Mais c'est surtout la photographie qui l'emporte le plus comme atout du film, par Gareth Edwards lui-même. Dans un premier temps, il était question que le film soit tournée en Asie, mais, sûrement pour des questions de budgets, il sera tourné au Mexique. Le film y gagne, par de nombreuses scènes et cette ambiance mexicaine, une véritable plus-value. Ces moments suspendus, la lumière des bougies, les couchers de soleil, la vision de l'Amérique depuis le temple de maya de Yaxha, les paysages filmés depuis le train, le bateau... Tout est magnifique, jusqu'à cette traversée d'une ville US en ruine (réellement ravagée par un ouragan un peu avant le tournage), au bord du mur de la frontière. Petit gifle politique balancée comme ça, mine de rien ; non un mur ne vous protégera de rien...
Si, un dernier atout. La musique de Jon Hopkins. Je suis désolé, je vais encore employer des superlatifs simples : magnifique. A la fois fil tendu de ce road-movie, mais aussi support des moments suspendus, c'est un écrin à la hauteur des images. Bien plus fin que Hanz Zimmer qui vous assène ses envolées symphoniques de plus en plus prétentieuses, Hopkins est un compositeur qui sait jouer d'un souffle, d'une vibration, avec justesse et émotion. Pas besoin d'être grandiloquent pour imposer une atmosphère...
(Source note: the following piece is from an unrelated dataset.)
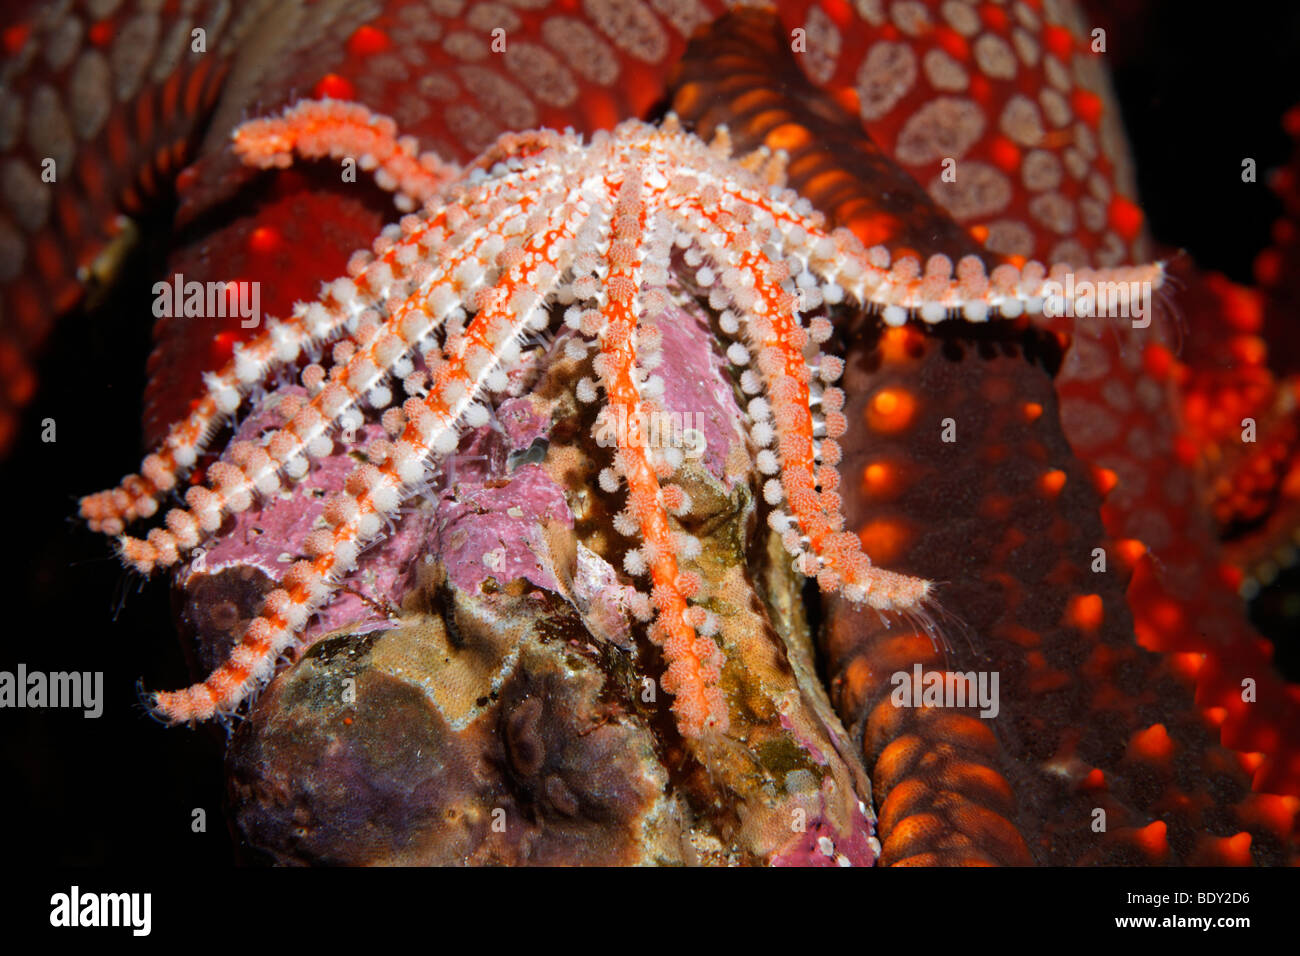 Étoiles de mer (Asteroidae inconnu) en face d'une étoile à crampons (Pentaceraster cumingi), Photo Stock
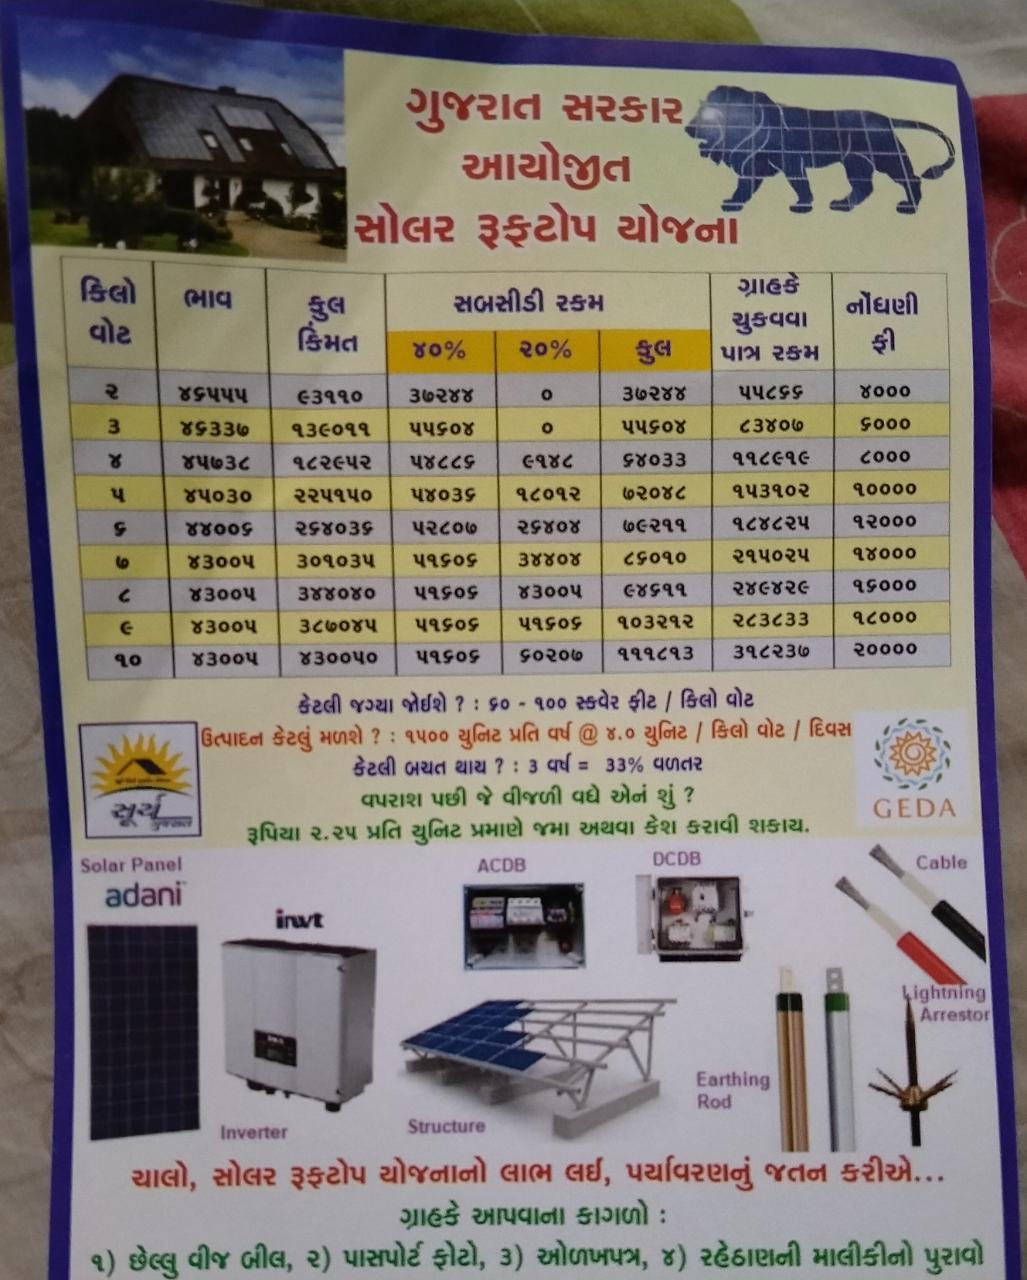 Samyak Solor Water Heater

C'est tout cela qui fait de Monsters un film à part. Un bijou. Véritable succès inattendu, ce film a été boudé dans les salles françaises. C'est dommage, réellement, car il y a un peu de notre destin à venir dans ce film. Dans une lente traversée au milieu d'un Mexique subissant les bombardements américains, cette fable tout aussi romantique qu'écologique est le préquel d'un monde en ruines où seul l'amour peut encore donner du sens. Il y a des points communs avec Apocalypse Now (et quelques clins d'œil) dans ce road-movie, à l'instar d'un capitaine Willard qui se contente parfois d'être seulement le témoin de cette folie ambiante. Il y aussi du Terence Malik dans cette vision naturaliste. Bref, Monsters est un chef d'œuvre qui vous laissera une sensation durable.